WHAT THE TASK REQUIRES: Please give all of the data again, character for character, and drop the pictures.

MATERIAL PROVIDED:
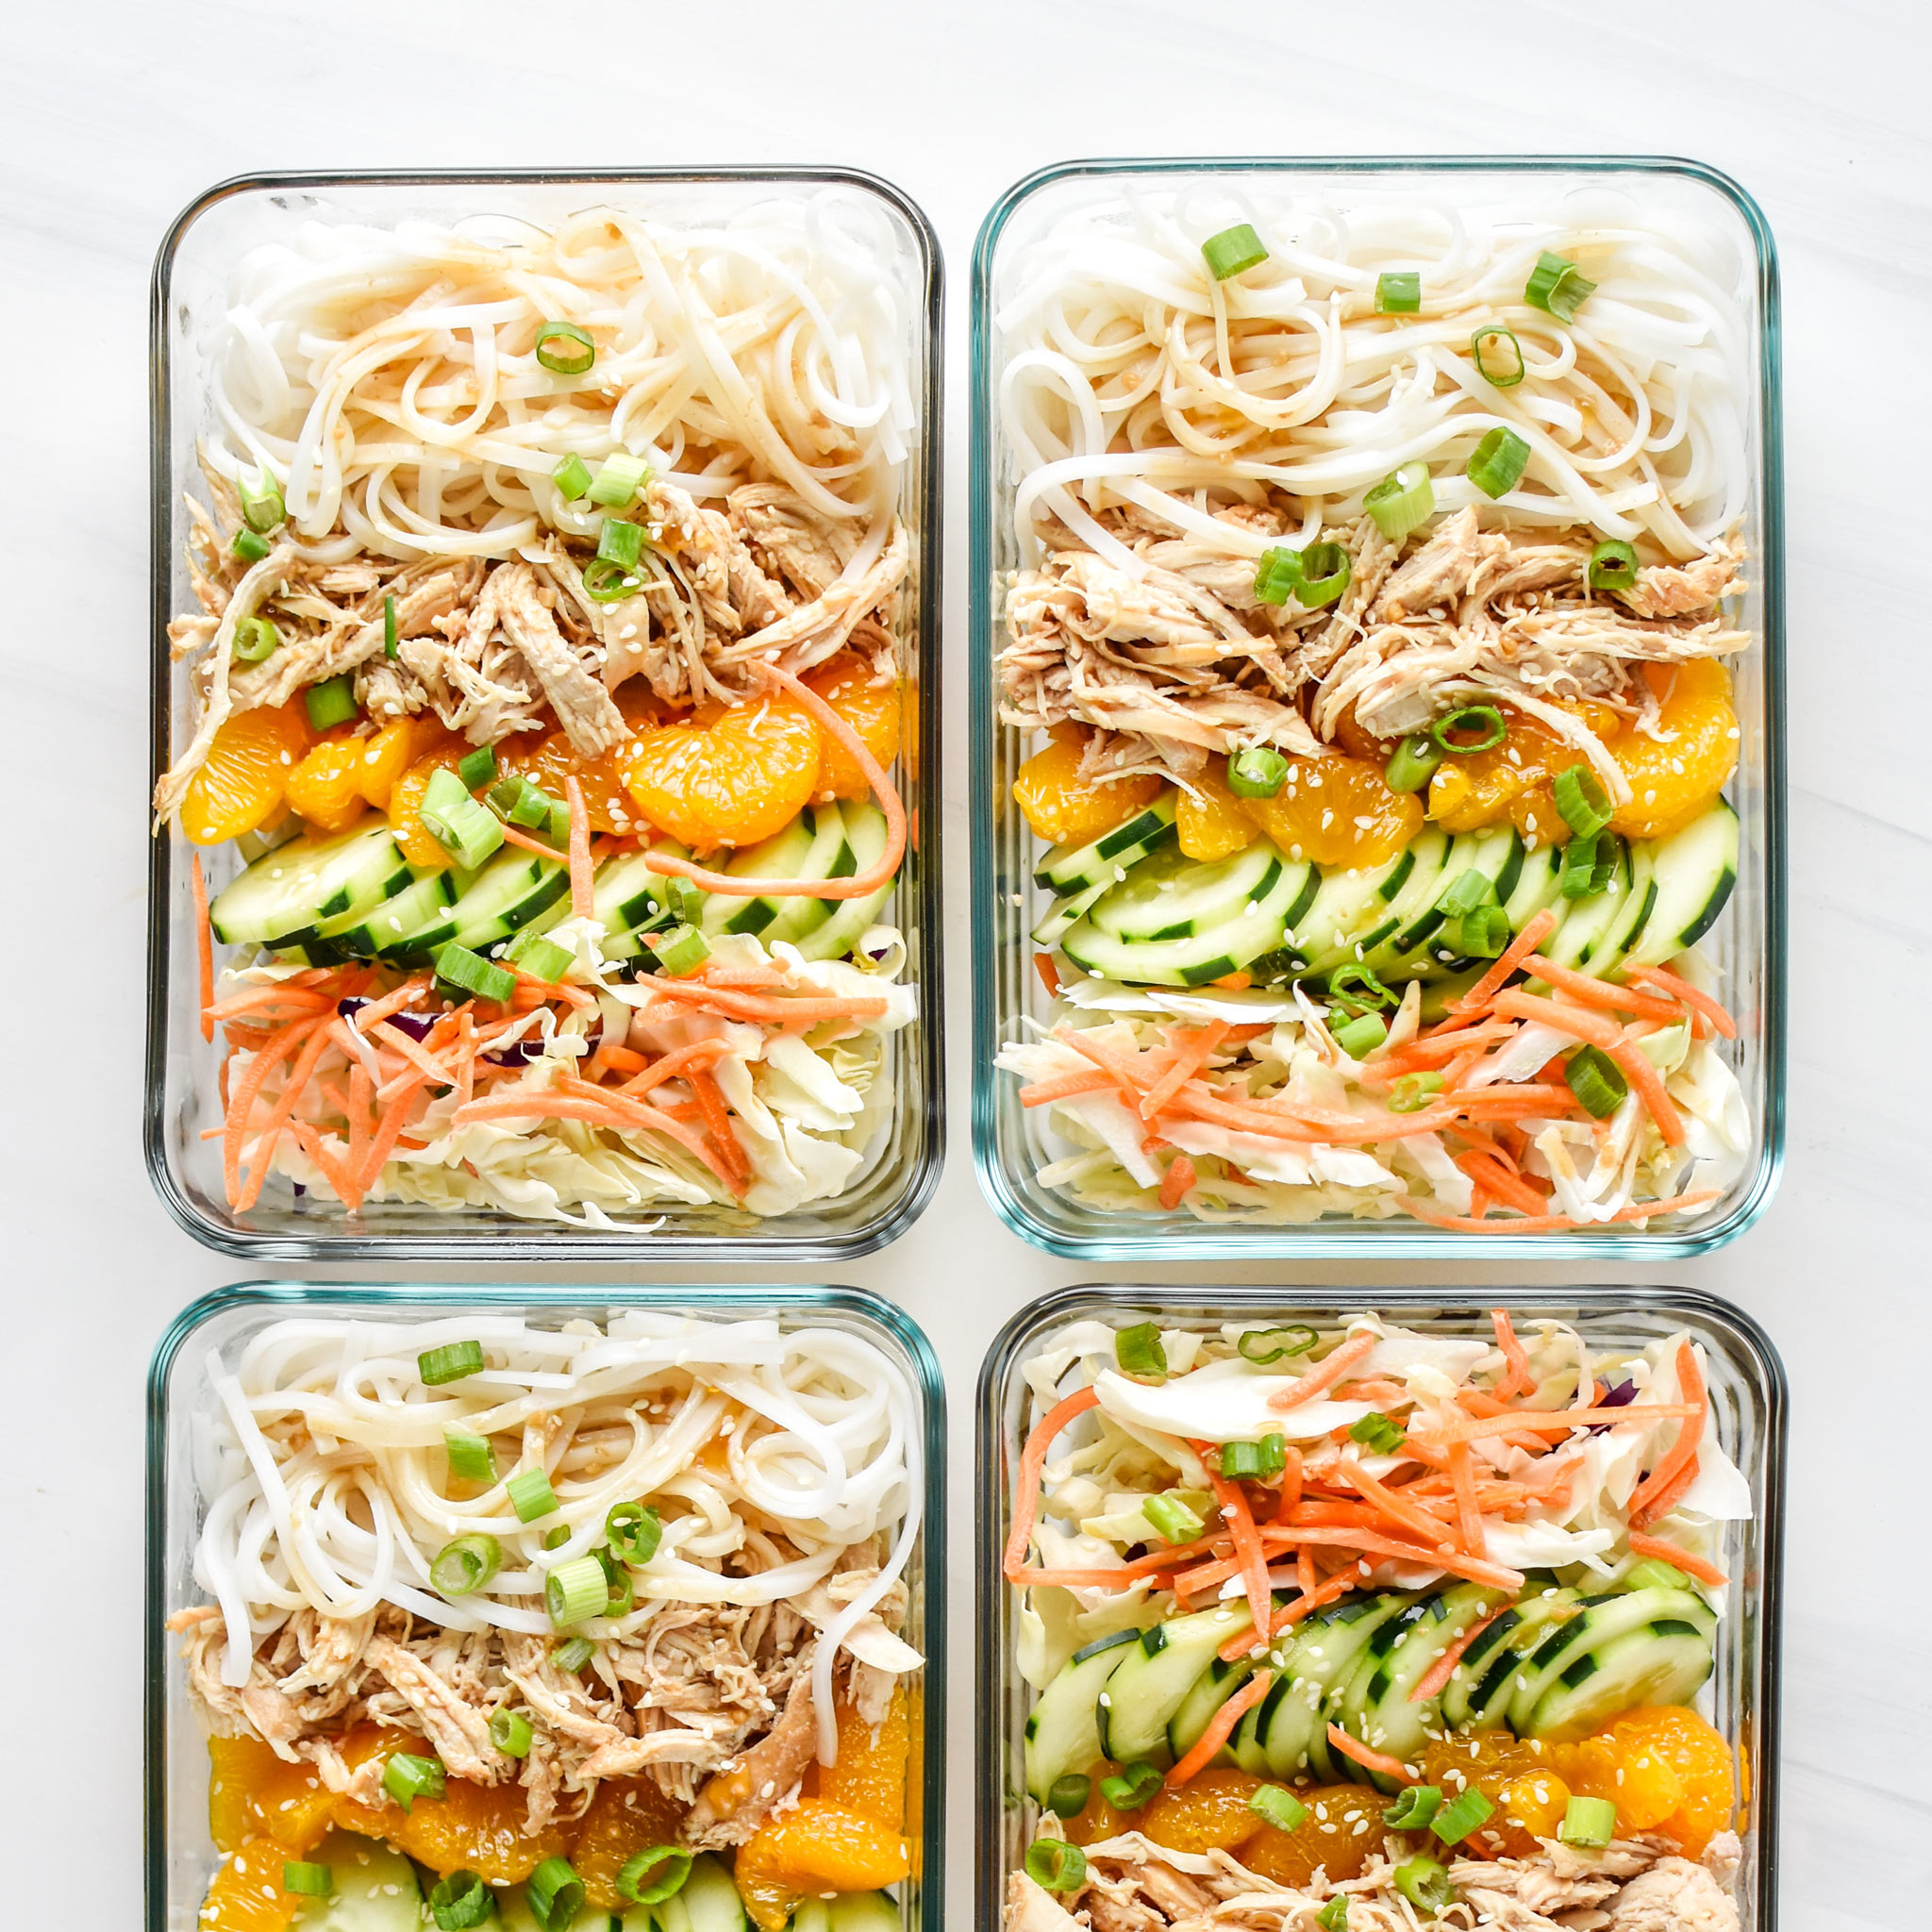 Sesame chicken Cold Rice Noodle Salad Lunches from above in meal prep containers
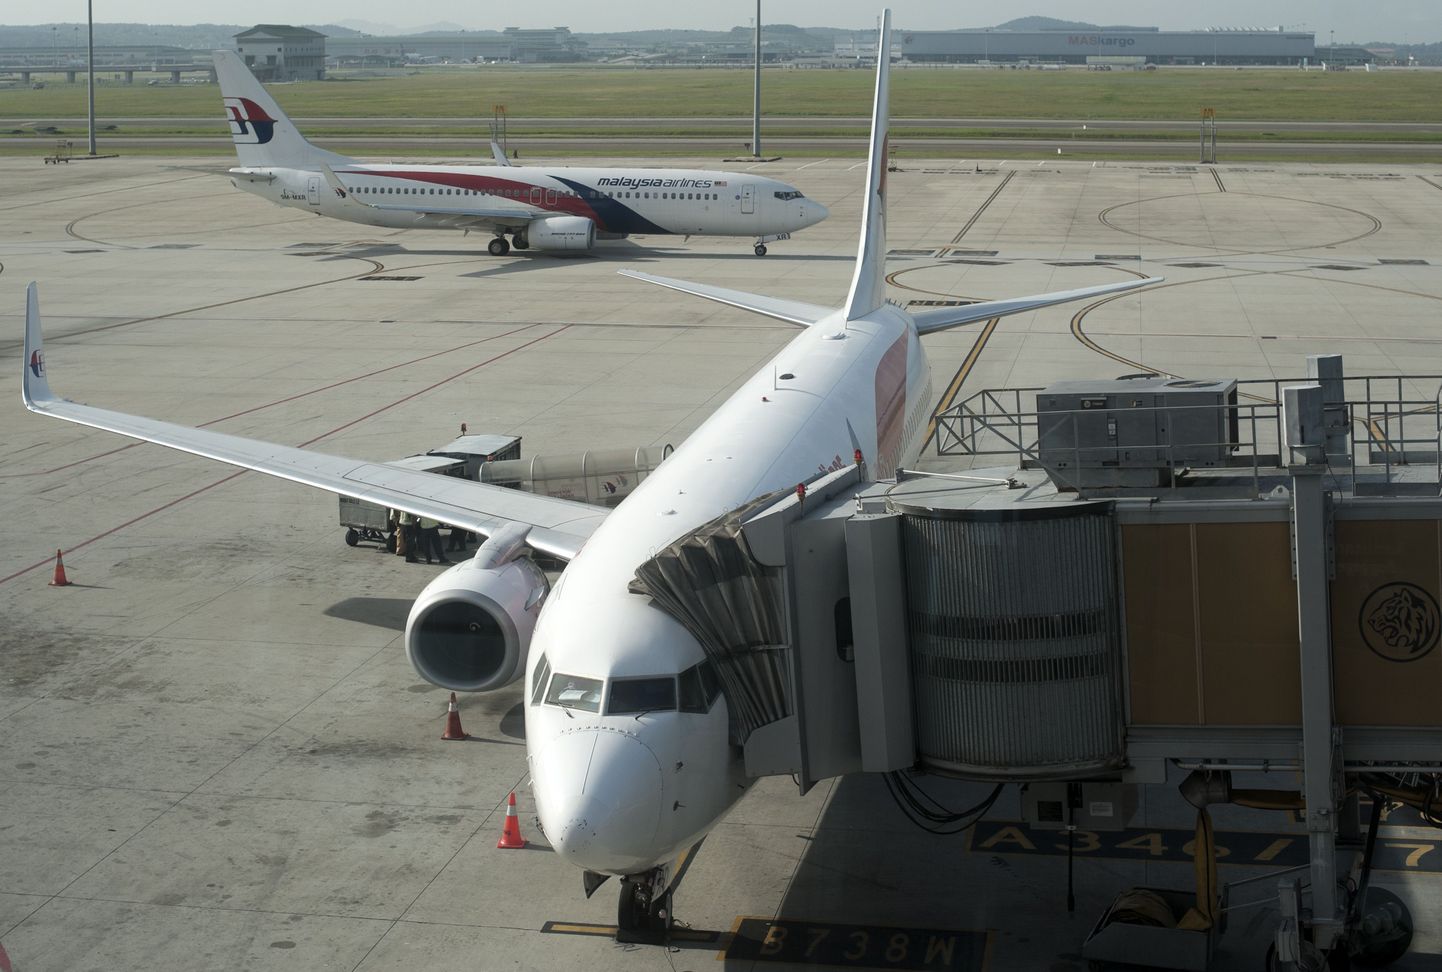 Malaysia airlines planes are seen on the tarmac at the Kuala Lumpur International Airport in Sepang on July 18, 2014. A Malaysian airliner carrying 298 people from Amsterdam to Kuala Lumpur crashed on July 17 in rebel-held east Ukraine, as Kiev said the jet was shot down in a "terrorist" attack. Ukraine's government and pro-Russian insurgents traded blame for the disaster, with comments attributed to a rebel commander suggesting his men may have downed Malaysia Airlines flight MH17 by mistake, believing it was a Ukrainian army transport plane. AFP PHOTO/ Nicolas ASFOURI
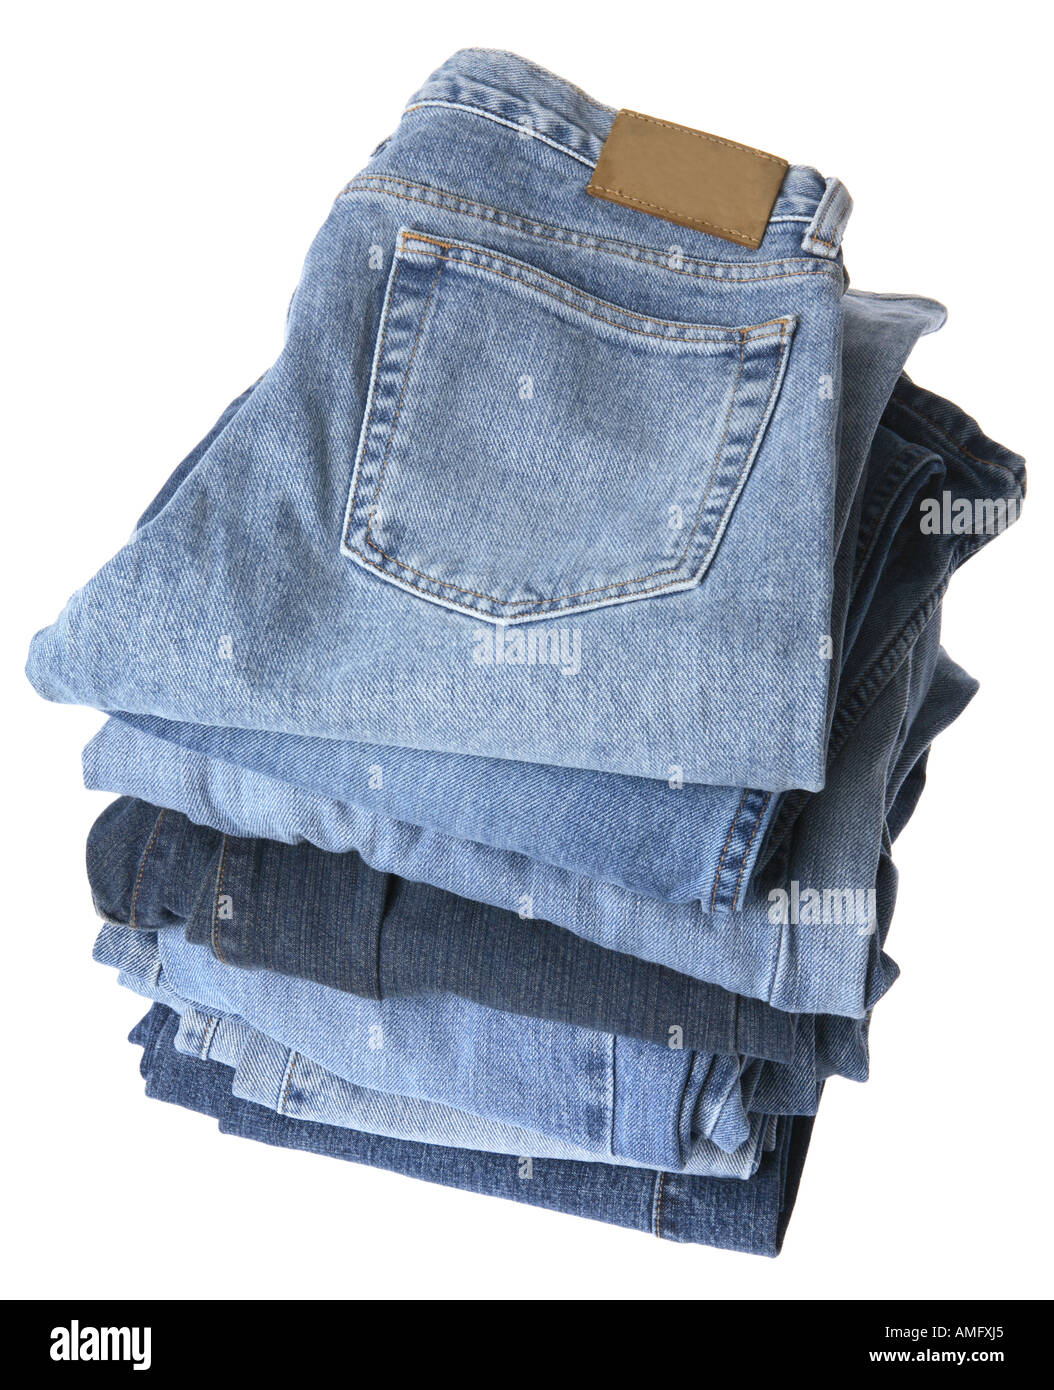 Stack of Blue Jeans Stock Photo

ANSWER BELOW:
 Sesame chicken Cold Rice Noodle Salad Lunches from above in meal prep containers
 Malaysia airlines planes are seen on the tarmac at the Kuala Lumpur International Airport in Sepang on July 18, 2014. A Malaysian airliner carrying 298 people from Amsterdam to Kuala Lumpur crashed on July 17 in rebel-held east Ukraine, as Kiev said the jet was shot down in a "terrorist" attack. Ukraine's government and pro-Russian insurgents traded blame for the disaster, with comments attributed to a rebel commander suggesting his men may have downed Malaysia Airlines flight MH17 by mistake, believing it was a Ukrainian army transport plane. AFP PHOTO/ Nicolas ASFOURI
 Stack of Blue Jeans Stock Photo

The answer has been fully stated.